そんな感想を漏らしつつ、麦茶を飲もうと冷蔵庫を開けていると、背後からオーフィスちゃんの声がした。どうやらあがった様だな。俺は何の気無しに振り返り・・・己が目を疑った。

 

「なっ・・・!?」

 

そこには全裸のオーフィスちゃんがいた。ちょ、何やってんのキミ!?

 

「次はフューリーの番。我、フューリーに教えに来た」

 

あ、なるほど。風呂が空いたから続いてどうぞって、服を着る間も惜しんでわざわざ教えに来てくれたんだな。・・・いや、そこは服着てからでいいよ!

 

「ちょっとオーフィス。まだ髪を拭いてないんだから・・・」

 

続けて、百パーセント肌色状態のヴァーリさんが現れた。なんでキミまで素っ裸なのよ!? てか、髪の心配より今の状況の心配してくれよ! オーフィスちゃんはまだいい・・・わけじゃないけど、キミの場合、色々ヤバいんだから!

 

「もう、手間のかかる龍神様だわ。常識というものを知らないんだから」

 

キミが言うなキミが!

 

オーフィスちゃんの手を引いてその場から姿を消したヴァーリさん。

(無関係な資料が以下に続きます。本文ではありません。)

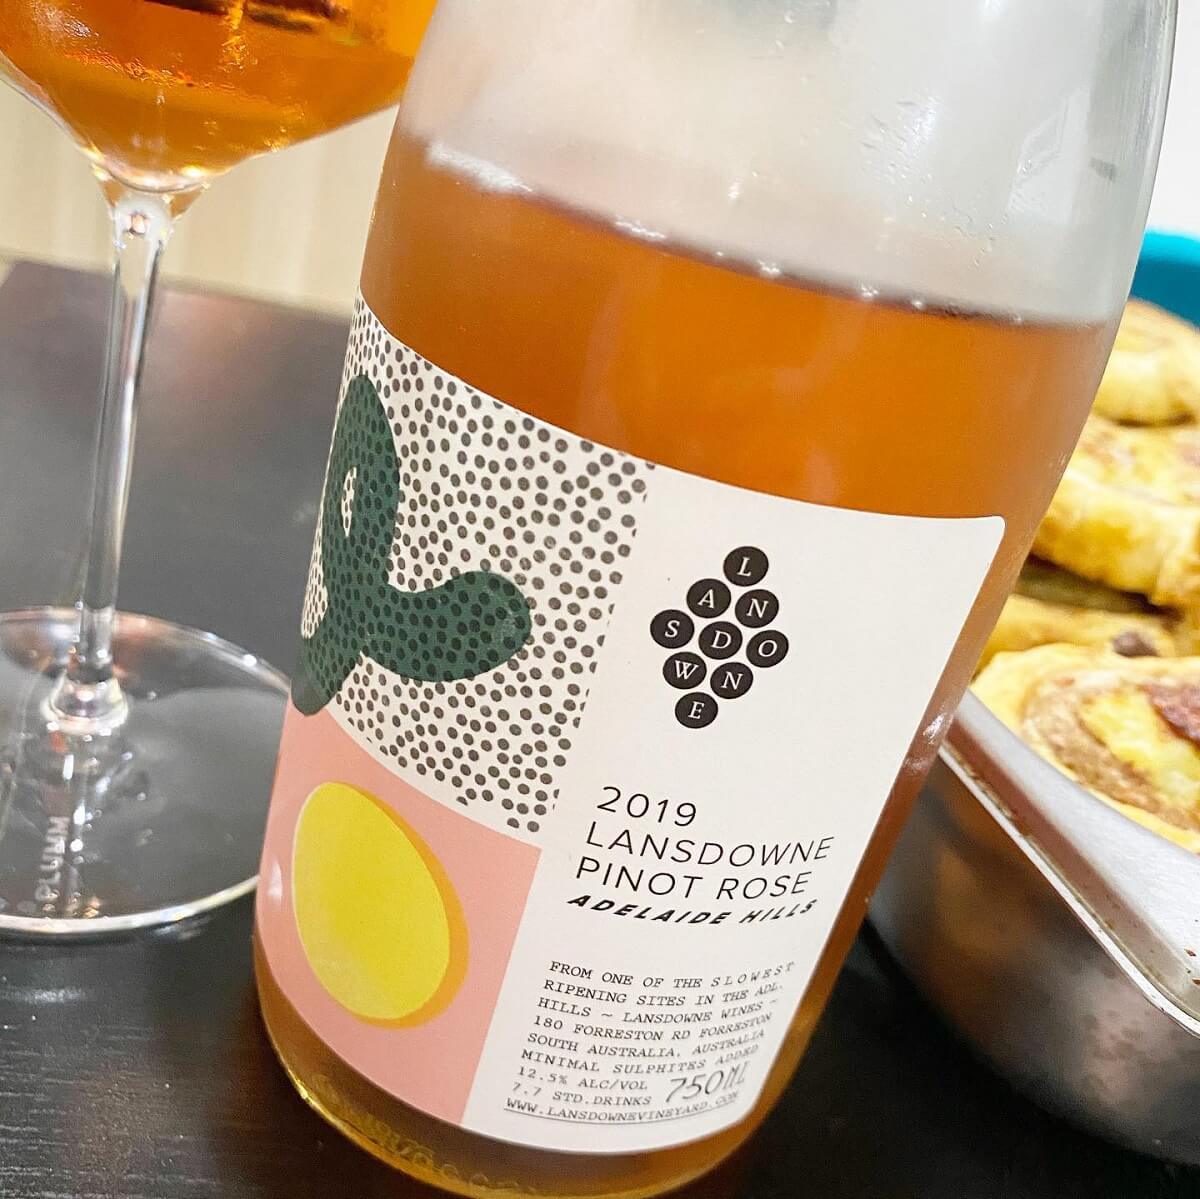 Lansdowne Wine 2019 Pinot Rosé
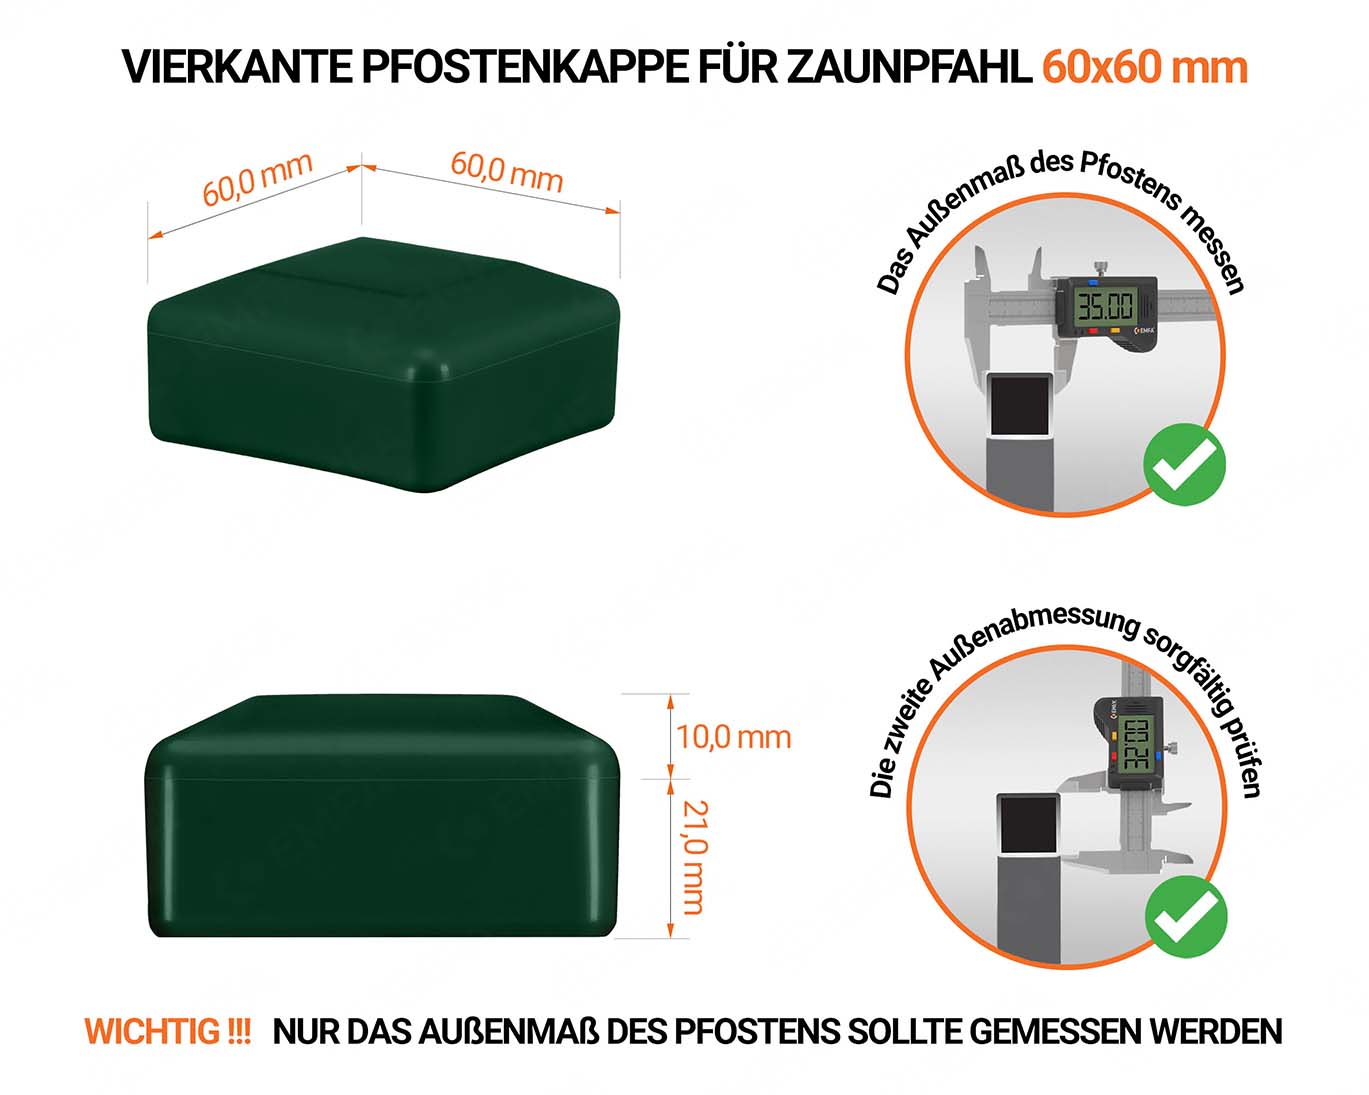 Grüne Pfostenkappen vierkant für Pfostenmaße 60x60 mm  mit technischen Abmessungen und Anleitung für korrekte Messung

後で聞いた所、ヴァーリさんからは俺のいた場所が死角になっていて気付かなかったらしい。

 

とりあえず、あの二人にはこの家のルールの前に、学んでおいてもらわないといけないものがあるようだ。

 

俺は固く、ひたすら固くそう決意するのだった。




今回は手間取りました。特に最後の風呂の件、表現が生々し過ぎ&それを語るオリ主が変態にしかならなかったので書きなおしました。私にはこれくらいの方が丁度いい。・・・プール回? ちょっと何言ってるかわかりませんね。

オーフィス来訪が原作より早まりましたが、これにはちょっとした理由があります。
ヴァーリもただのお伴ではありません。